QUANYOU's visit is significant in the context of the issues that have emerged since the Vajpayee Government took office. The PLA plays an important role in China's power structure. Its Chief of General Staff is a member of both the state Central Military Commission (CMC) and the parallel Central Military Commission of the Communist Party. Both CMCs are chaired by Jiang Zemin and are the supreme political and executive security bodies in China. As such, Quanyou represents China's security concerns - the concerns of its state apparatus and those of its political system. In some senses, however, Quanyou is less powerful than his predecessors in the past. One important outcome of the 15th Party Congress of the Communist Party of China was that the core seven-member Standing Committee of the Polit Bureau for the first time did not include a PLA representative. This was widely interpreted to mean a declining political and decision-making role for the PLA.

But the PLA delegation's visit needs to be read not just in the light of its hierarchical position in the Chinese state apparatus, but as part of an ongoing process of dialogue. This process of dialogue dates back to 1993, when India and China set up a Joint Working Group (JWG). The JWG was formed following an agreement to bring about peace and tranquillity on the border. The thrust of the JWG was to arrive at a shared understanding of what constitutes the 'interim border' - comprising agreed borders, the Line of Actual Control, and the contentious colonial-period boundaries of northeastern India. This understanding would form the basis of measures to scale down military tension without prejudice to the final territorial claims of either side. Since military tensions represented the core issue the JWG sought to address, it was thought appropriate to let the Army establishments on either side of the border engage in a direct dialogue. A succession of visits by bureaucrats and officials followed.

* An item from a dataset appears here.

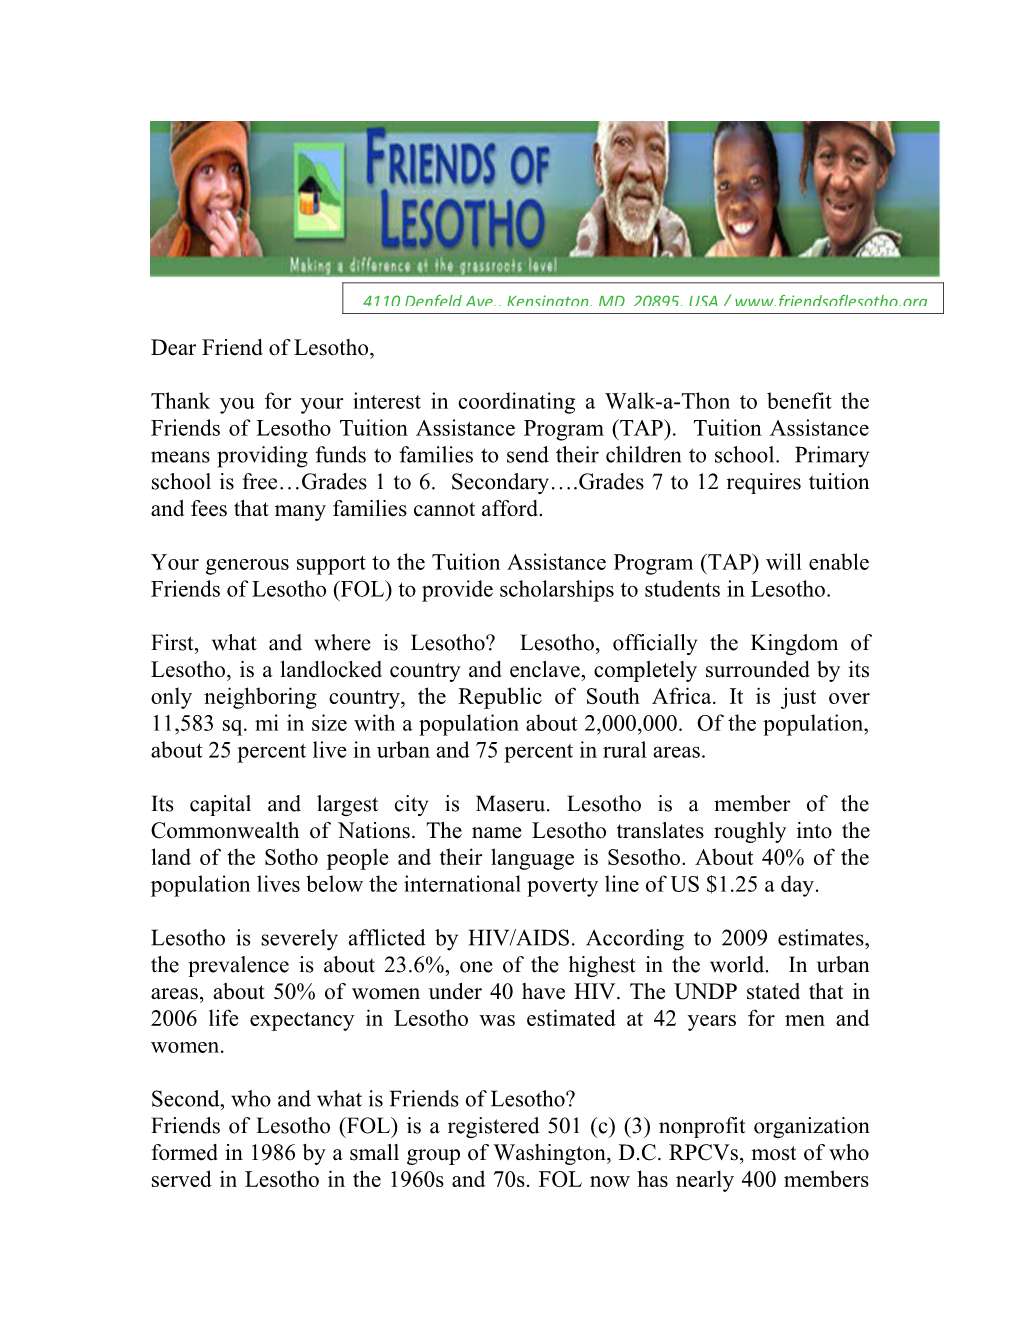 Dear Friend of Lesotho

Jiang Zemin's visit to India in November 1996 saw the process gathering momentum. The Confidence Building Measures agreed on included the specification of categories of weapons that were to be removed or deployed in reduced strength along the Line of Actual Control. These weapons included tanks, armoured combat vehicles, surface-to-surface and anti-aircraft missiles, heavy artillery and mortar. Both India and China had agreed that no military exercises involving more than 15,000 personnel, the approximate strength of one Army division, would be allowed along the border. Flight of combat aircraft within 10 km of the border was also disallowed. Since then, Army officials say, 'eyeball-to-eyeball' confrontations along the border have eased. The incursions Fernandes had referred to, sources told Frontline, were the outcome not of hostile intent, but of troops straying across less-than-evident boundaries, and had been resolved by the simple expedient of pointing lost soldiers in the right directions.

Given the complex character of border claims by both sides and their political concerns, it would be unreasonable to expect any dramatic progress in a final demarcation of the border in the near future. The fact that no major military confrontation, or even sabre-rattling, has taken place since 1993 is in itself evidence that the quiet process of dialogue has had results. While most observers believe that China is in less of a hurry to arrive at a final settlement of the border than India, this reluctance can be traced to its reluctance to give up an instrument of leverage in a context in which India remains a potential platform for U.S.-backed initiatives encouraging Tibetan secessionism. Clearly, a diplomatic process focussed on achievable objectives, and conducted with sensitivity to the issues at stake, must continue. Aggressive polemical postures could only undo the hard-won gains of a five-year process.